Geography
- Location: 601 East Rollins Street, Orlando, Florida, United States
- Coordinates: 28°34′30″N 81°22′13″W﻿ / ﻿28.57500°N 81.37028°W

Organization
- Care system: Private hospital
- Type: General hospital
- Religious affiliation: Seventh-day Adventist Church

Services
- Emergency department: Yes
- Beds: 330

History
- Former name: Florida Hospital for Women
- Constructed: January 9, 2013
- Opened: January 24, 2016

Links
- Website: www.adventhealth.com/adventhealth-women
- Lists: Hospitals in Florida

= AdventHealth for Women =

AdventHealth for Women is a non-profit hospital in Orlando, Florida, United States that is located on the AdventHealth Orlando campus.

==History==
In late September 2012, Florida Hospital announced that it would have a building constructed at Florida Hospital Orlando for women's health.
On January 9, 2013, Florida Hospital had a groundbreaking for a 12-story, 400000 sqfoot women's hospital, at Florida Hospital Orlando for $210 million.
They wore pink hard hats and pink stethoscopes, while they used pink shovels to dig into soil dyed pink. Brasfield & Gorrie was hired to build the women's hospital and HKS, Inc. was hired to design it.
In early November 2014, there was a topping out for Florida Hospital for Women.
On January 11, 2016, there was a ribbon cutting ceremony and it began treating patients on January 24.
AdventHealth for Women was expected to treat 20,000 women in its first year.

Florida Hospital for Women was constructed in two phases: Phase one for young women, babies, for heart and breast cancer treatment. Phase two for oncology, surgery and neurological intensive care unit.

==The babies==
To celebrate the release of Star Wars: The Rise of Skywalker, the hospital dressed up the babies as characters from the films. Such as BB-8, Han Solo, Princess Leia, Luke Skywalker, Rey, Yoda.

==Visitors==
On Star Wars Day the 501st Legion came to the hospital, and visited patients dressed as Darth Vader and stormtroopers.

==Wedding==
In early May 2024, a pregnant woman got married at the hospital in a bed sheet, while she was in induced labor due to respiratory syncytial virus.
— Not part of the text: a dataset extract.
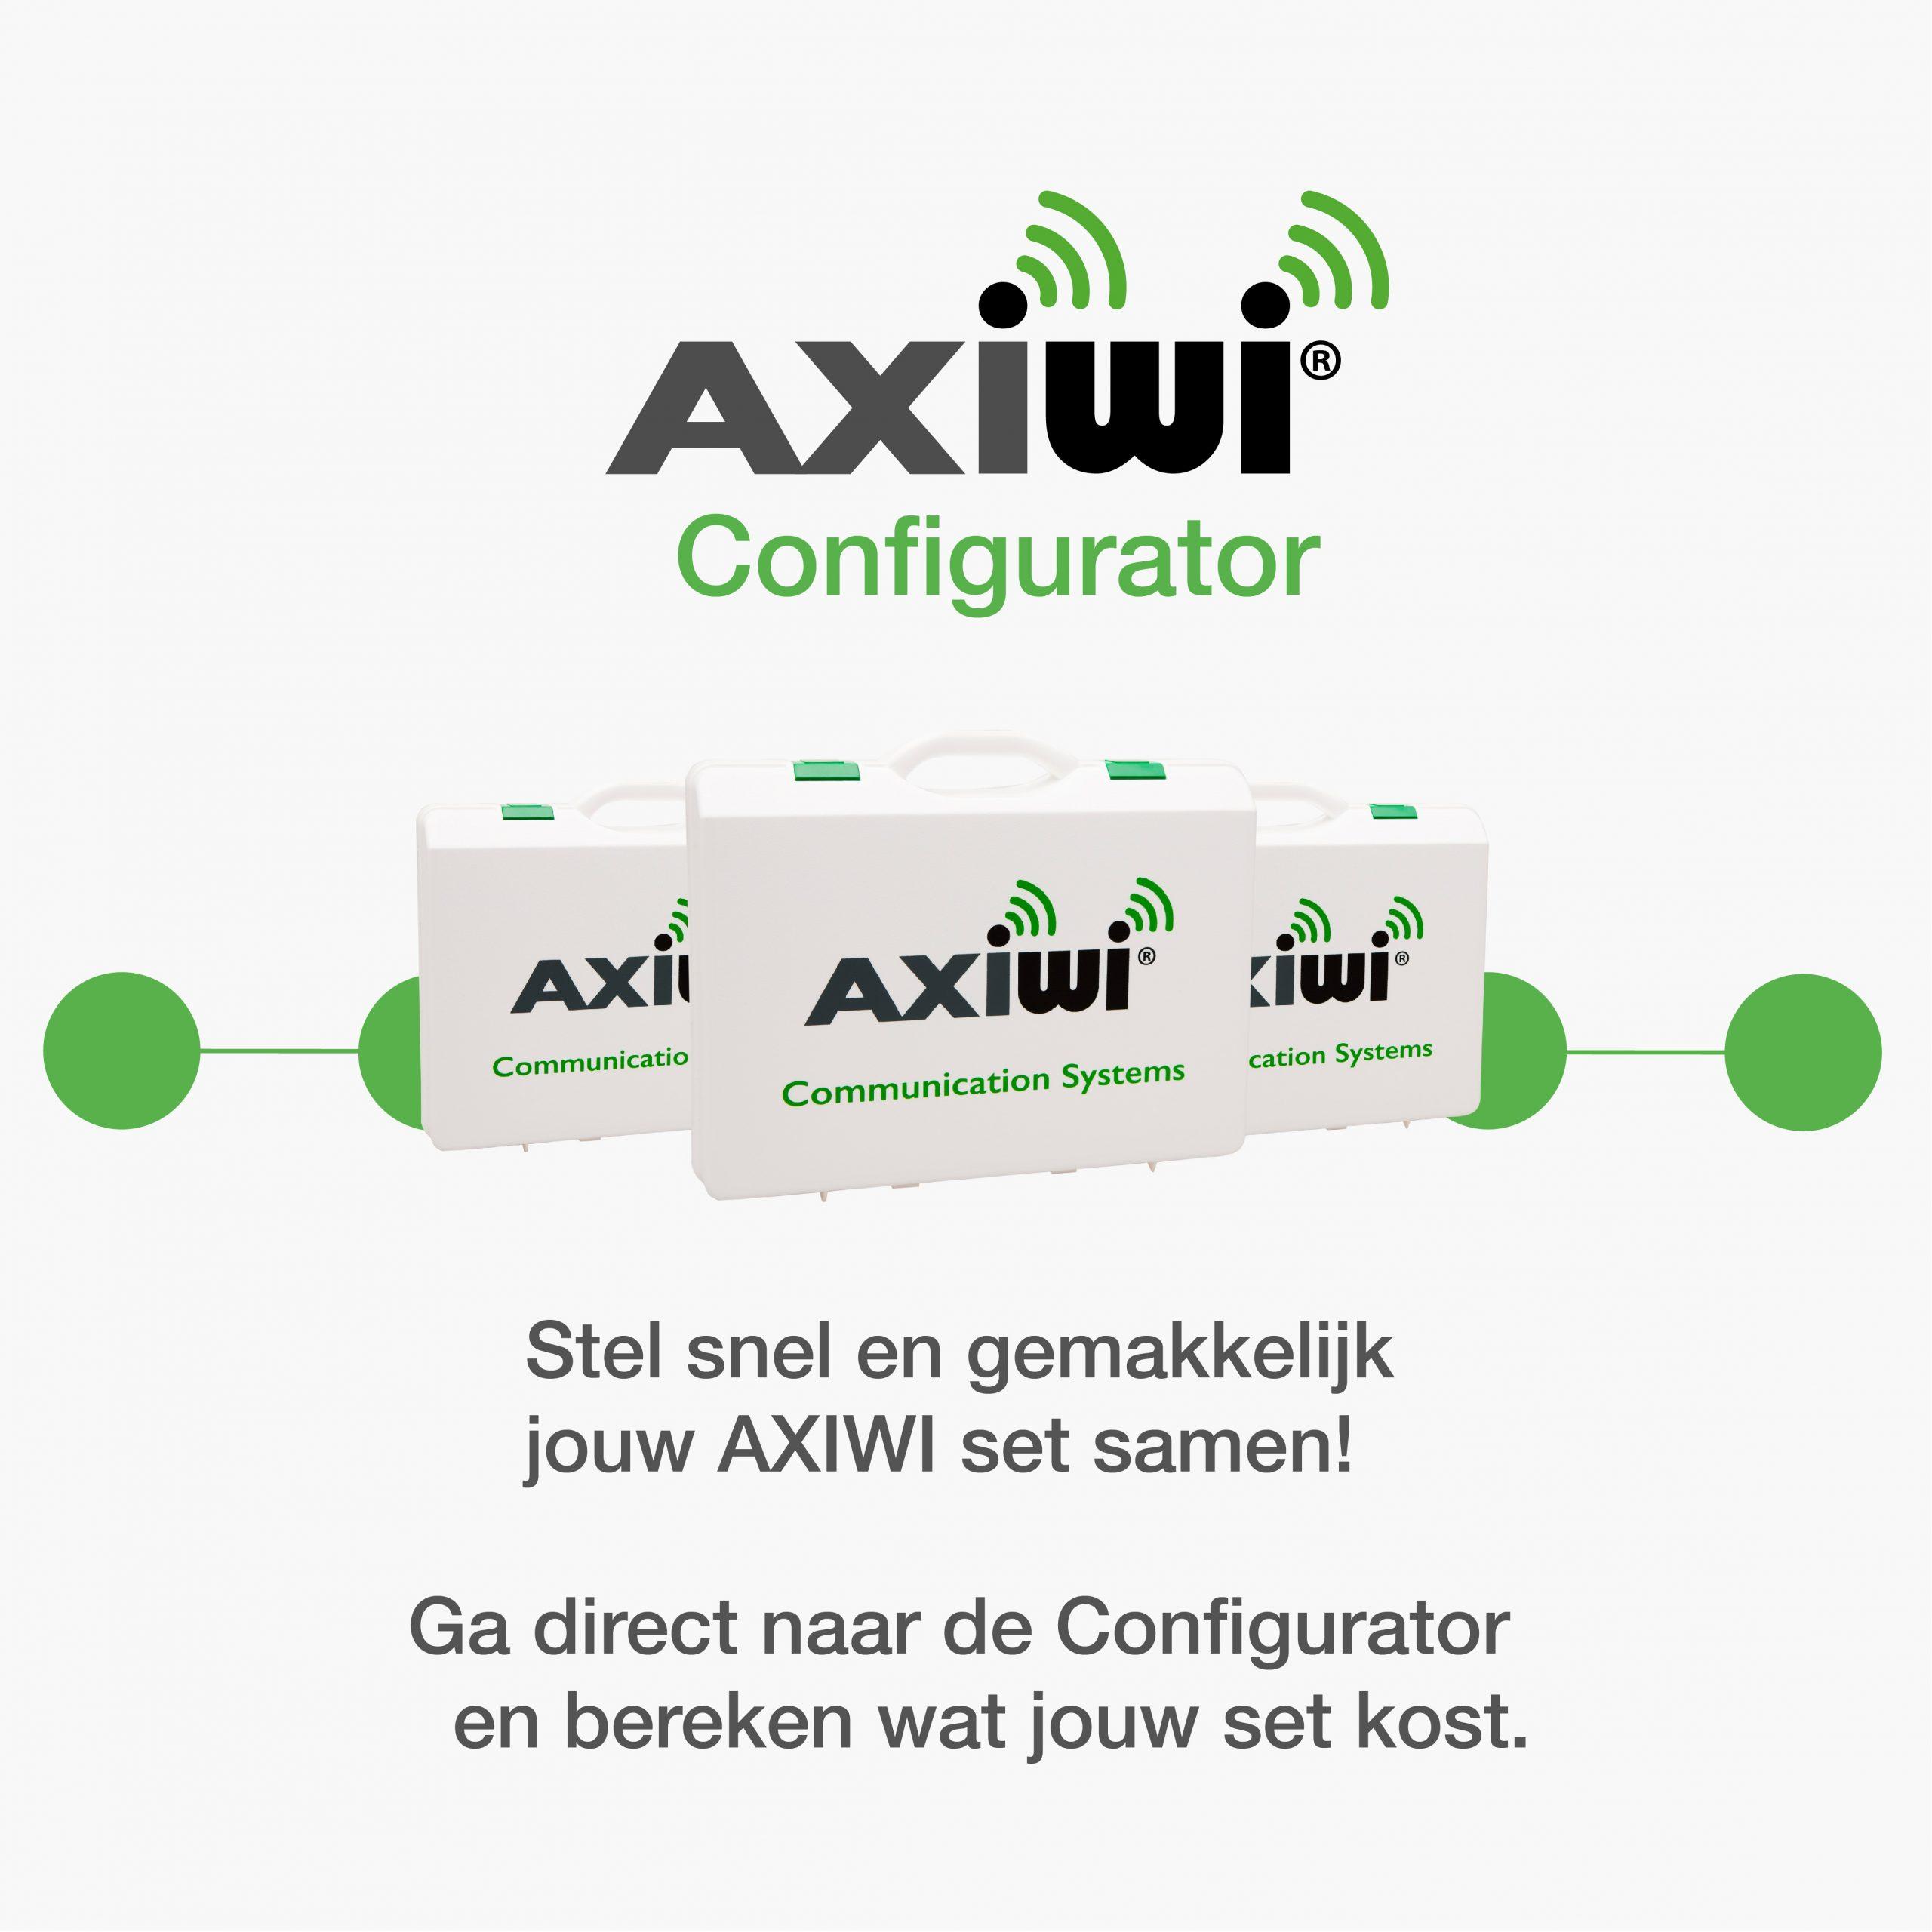 start-axiwi-configurator-website

==Alleged sexual assault==
On March 4, 2026, nurse Abedinecho Katue was arrested and taken to the Orange County jail for an alleged sexual assault of a disabled woman who was using a bedpan.
The patient told police that he put his finger in her vagina, and give her morphine without her permission to keep her quiet.
The alleged crime took place on January 26, 2025, and after hearing about it the hospital sent him home.
He faces charges of sexual battery, lascivious behaviour and molestation. Katue pleaded not guilty and his bail was set at $75,0000.
After his arrest the Kenyan embassy was notified, and they provided him with a lawyer.
He was later released after paying $7,500, the money was raised online for him by Kenyan Americans.